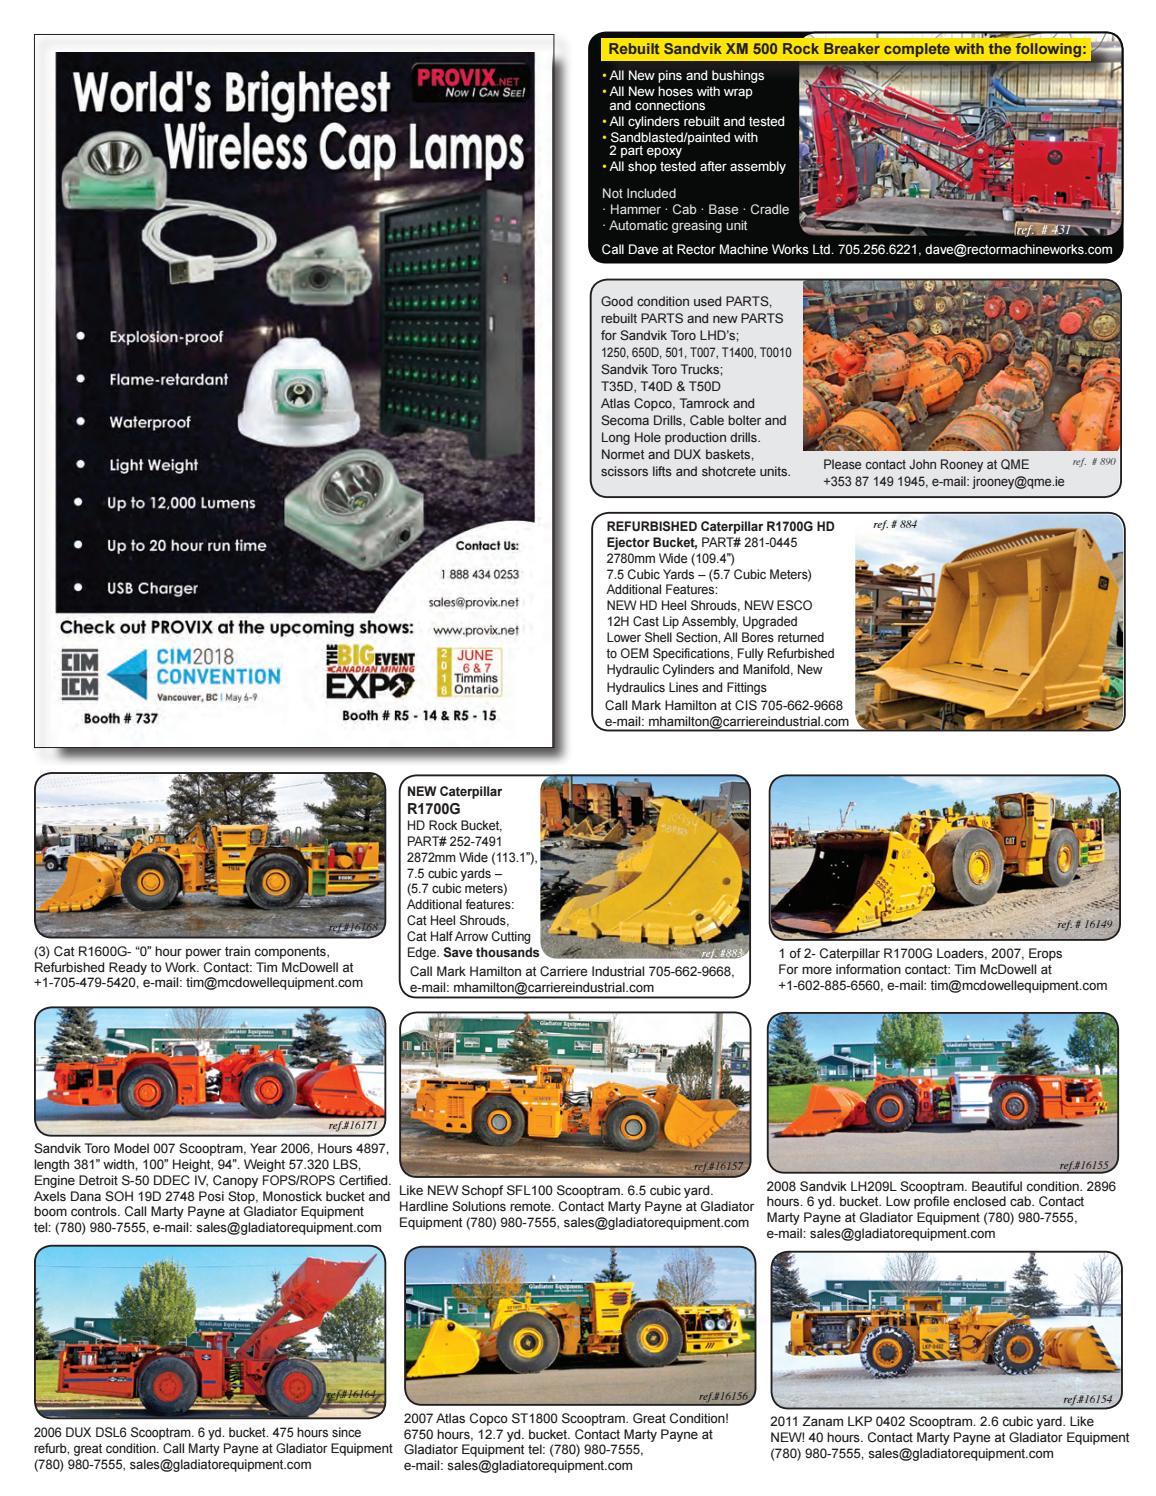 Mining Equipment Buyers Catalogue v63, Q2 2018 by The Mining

^^^^

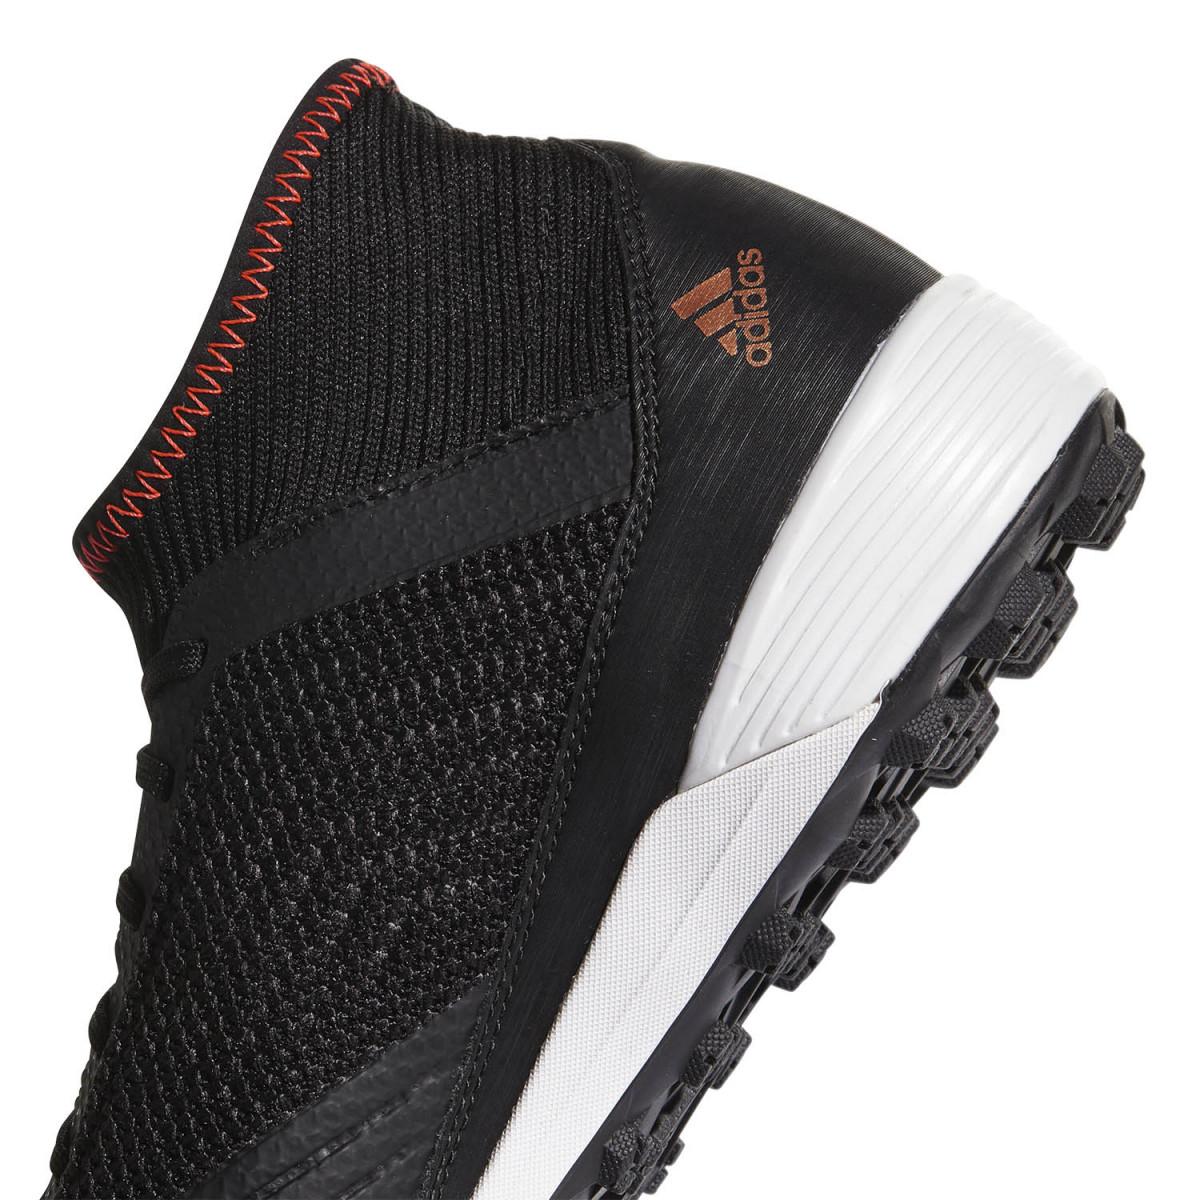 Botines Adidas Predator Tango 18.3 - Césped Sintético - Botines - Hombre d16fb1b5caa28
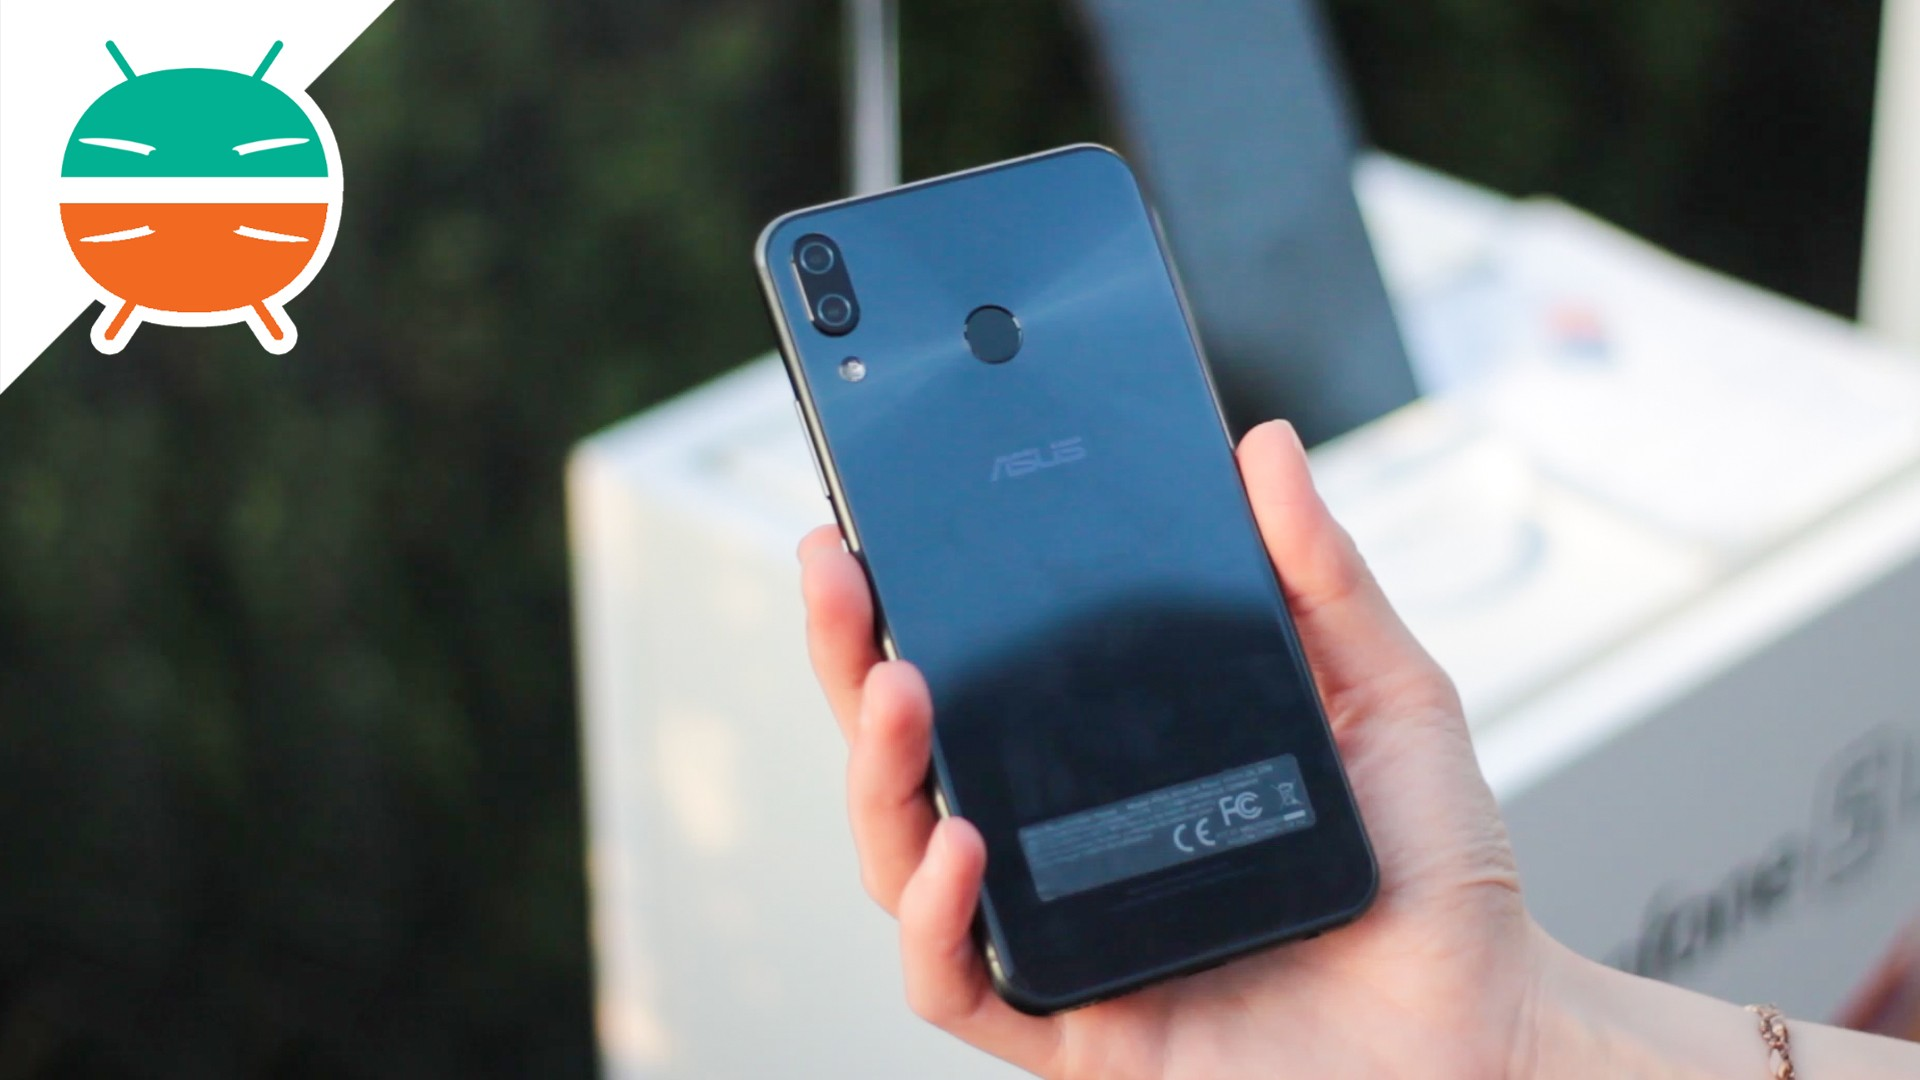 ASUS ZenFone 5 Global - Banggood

^^^^

• Task details
Within the listing above, write out the stretch from the line with "Botines Adidas Predator" through the line with "ASUS ZenFone 5 Global - Banggood" exactly. Any pictures are to be left out.

• Response below
 Botines Adidas Predator Tango 18.3 - Césped Sintético - Botines - Hombre d16fb1b5caa28
 ASUS ZenFone 5 Global - Banggood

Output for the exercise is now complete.